Jeh Aerospace Secures $11M for Indian Aircraft Supply Chain
# Jeh Aerospace Secures $11 Million to Boost India’s Aerospace Manufacturing Capabilities

## Addressing the Gap in Indian Aerospace Manufacturing
While india already boasts a growing role in aerospace – with giants like Airbus and Boeing increasing their sourcing and investment in the country – a gap remains in large-scale aerospace component manufacturing. Airbus currently sources $1.4 billion annually from India, with plans to reach $2 billion by 2030. Boeing is aiming for a $1.3 billion annual spend and invested $200 million in a new engineering and technology center in Bengaluru in 2023. However, the country hasn’t yet achieved the same level of prominence in *producing* the complex components needed for aircraft.
Jeh Aerospace aims to fill this void. Founded by farooq Ansari and Ben Samuel, the company focuses on precision engineering and manufacturing of complex aerospace components.They’re not just building parts; they’re building a skilled workforce to support the industry’s growth. Their facility includes a dedicated Center for Aerospace Skill, highlighting their commitment to talent progress.
“We see a huge opportunity to bring more local manufacturing to India,” explains co-founder Sanghavi. “We want to strengthen the country’s position on the global aerospace map.”
## Scaling Production with Next-Generation Technology
The $11 million in new capital will be strategically deployed to enhance Jeh Aerospace’s manufacturing and inspection processes. The company plans to invest in next-generation digital production technologies, a move that will increase efficiency, precision, and capacity. This investment isn’t just about acquiring new machines; its about embracing Industry 4.0 principles and building a smart factory capable of meeting the stringent demands of the aerospace industry.

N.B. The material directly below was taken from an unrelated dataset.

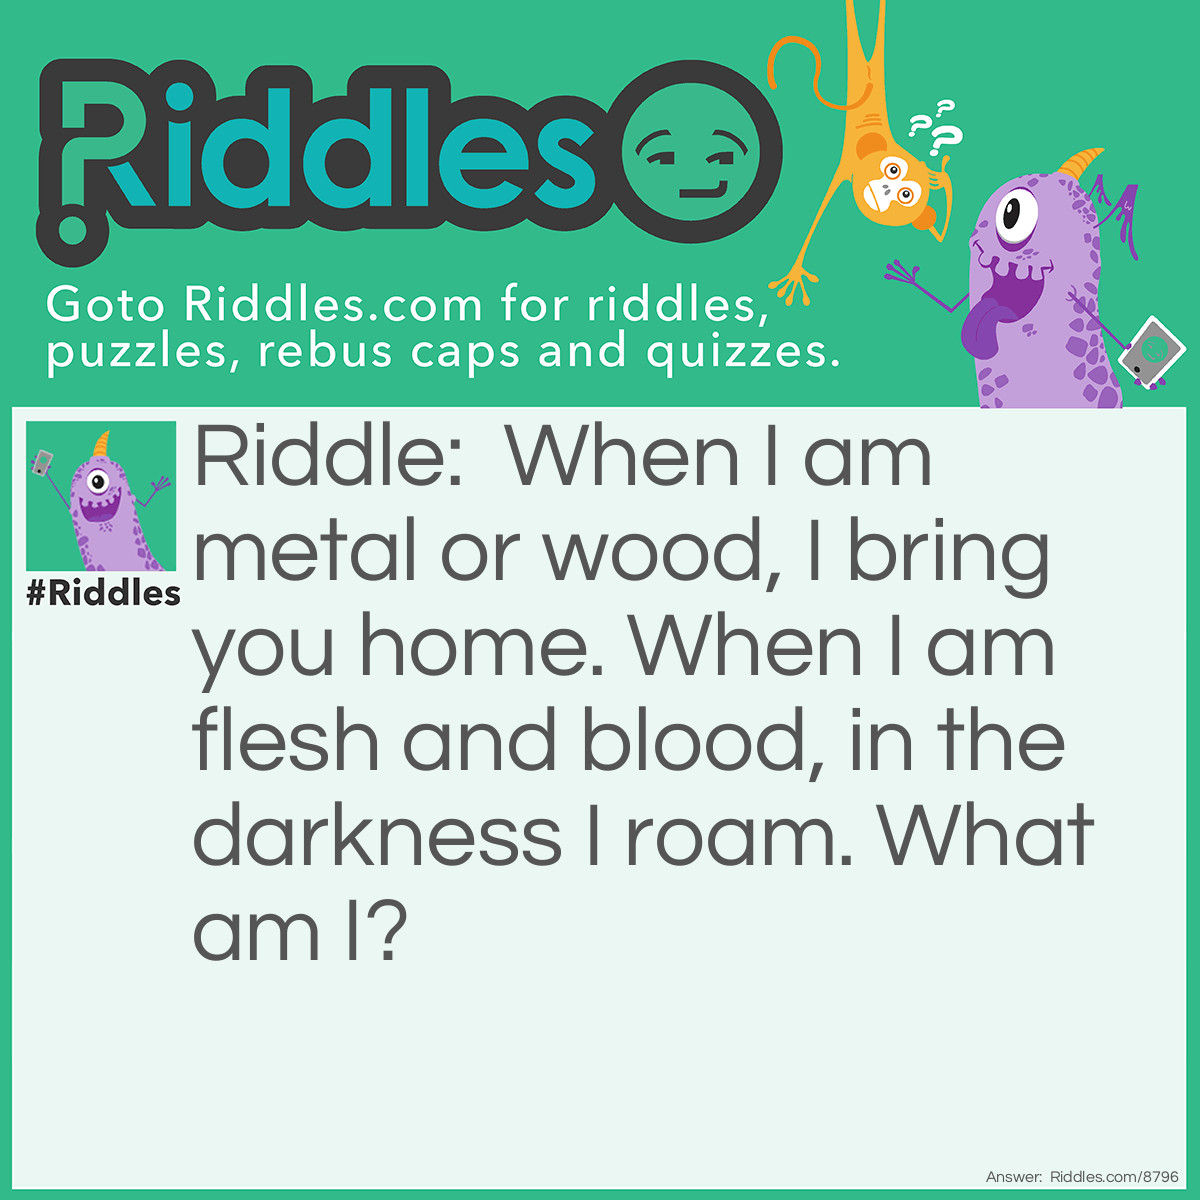 Riddle: When I am metal or wood, I bring you home. When I am flesh and blood, in the darkness I roam. What am I? Answer: A bat.

This focus on advanced technology is crucial. Aerospace manufacturing demands incredibly tight tolerances and rigorous quality control. Digital production technologies, including advanced machining, additive manufacturing (3D printing), and automated inspection systems, are essential for meeting these requirements.
## Competition and the Path Forward
Jeh Aerospace isn’t operating in a vacuum. While the Indian startup landscape for aerospace component manufacturing is still relatively nascent, companies like JJG Aero exist. However, Sanghavi positions his startup’s primary competition as coming from established U.S.-based tier-2 suppliers.
This is a bold assertion, but it speaks to Jeh Aerospace’s ambition and confidence in its ability to compete on quality, cost, and lead times. The company’s focus on building a skilled workforce in India provides a potential competitive advantage, reducing reliance on expensive labour markets and fostering innovation within the country.
The success of Jeh Aerospace,and companies like it,is vital for India’s long-term aerospace ambitions. By fostering local manufacturing capabilities, India can reduce its dependence on foreign suppliers, create high-skilled jobs, and establish itself as a truly global aerospace powerhouse.The recent surge in iPhone production in India serves as a compelling example of what’s possible when the right investments are made and a clear vision is pursued. Jeh Aerospace is betting that the same formula can be applied to the aerospace industry, and with this new funding, they’re well-positioned to take flight.